The hairs on the back of my neck elongate at hearing him call my flat home. One day. He said, one day.
“You can do that afterwards,” I say. “Or we can do a movie. Oh, and that puzzle I ordered arrived yesterday.”
“Best weekend ever!”
“After tomorrow’s run,” I say and he groans, loudly enough that it vibrates his chest against mine. “Hey, it’s your triathlon we’re training for.”
“I still don’t know why I signed up for it.”
“Well, I’m glad you did.” I hold him a little tighter.
“Me too.” He kisses my forehead. “Best mid-life crisis ever.”
I laugh heartily. So heartily I’m surprised such joy is possible after I spent the last hour feeling such crushing sadness.
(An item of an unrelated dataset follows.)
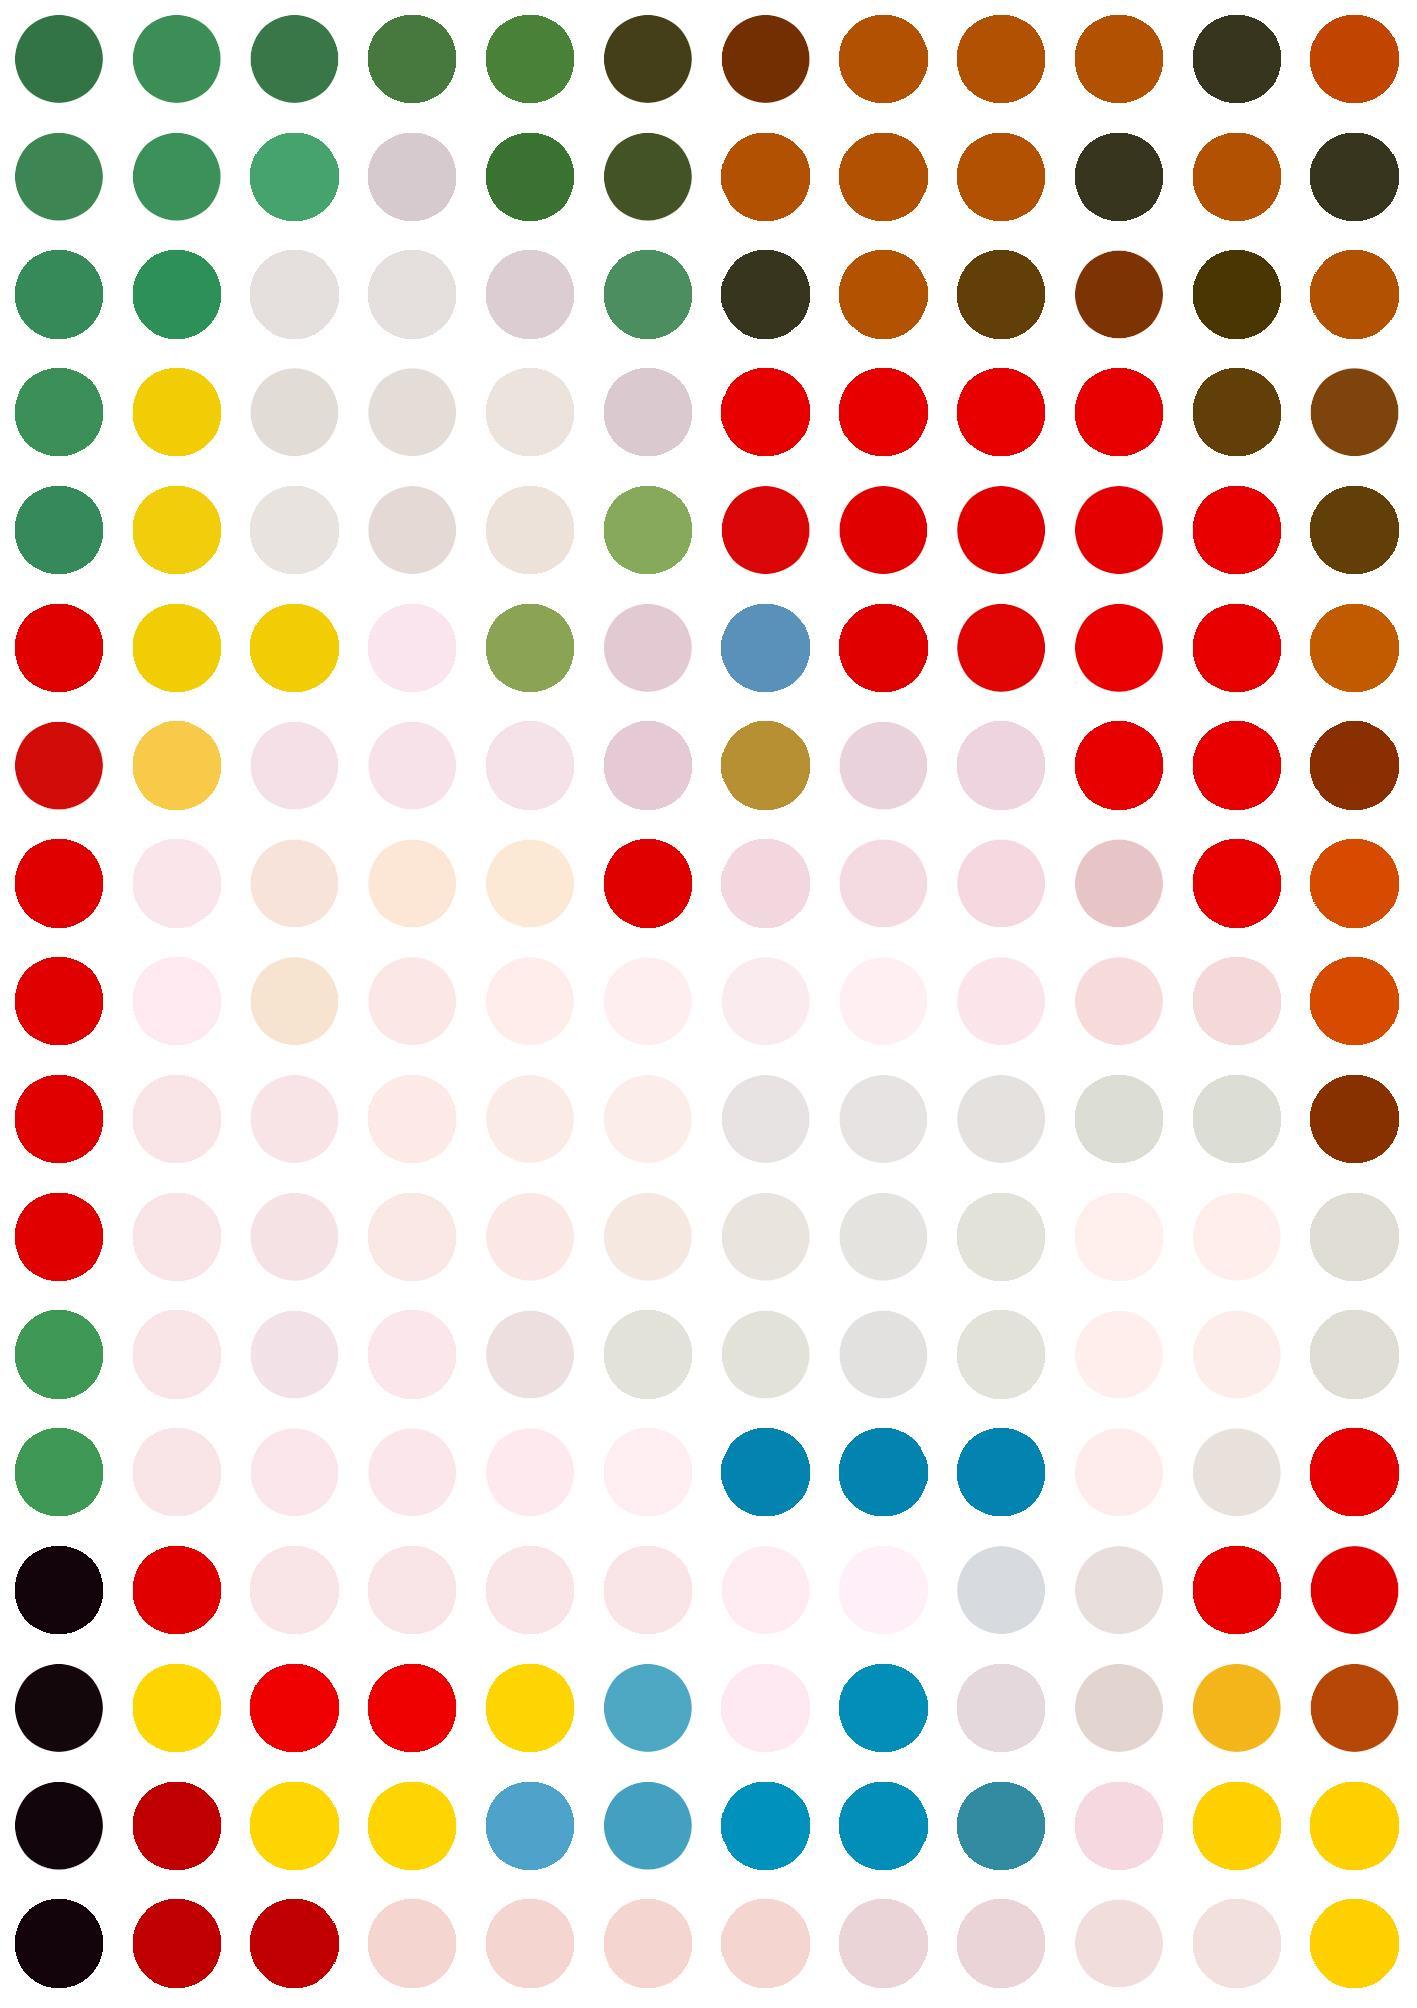 La siesta de Picasso reducida a una abstracción de lunares de colores. Una adivinanza para los amantes del arte.

Or maybe that’s exactly why I am feeling so much joy.
Because I’m finally letting myself feel.
When you actively decide to let yourself feel more pain, maybe you also let yourself feel more pleasure too.
“I’m so proud of you,” he says.
“I’m so proud of you too,” I say back.
He frowns. “What did I do? Other than mess up your calendar settings so it sends me reminders.”
“You helped me get to this point. And you’re doing so well with your training.
Out of nowhere a golden yellow leaf tumbles from the sky and hits me on the head. I catch it before it gets to the ground.
“The seasons are changing,” Marcello says, looking at the curled edges of the leaf.
“That means it’s almost time for your triathlon. Are you feeling ready?”
“Cazzu dialulu, no,” he laughs at himself, “I doubt I’ll ever feel ready. For that. But for everything else. For me and you.”
“You and me,” I interrupt to say.
“I’m ready for that.”
“Me too,” I agree. “I feel like I’ve been training for that my whole life.”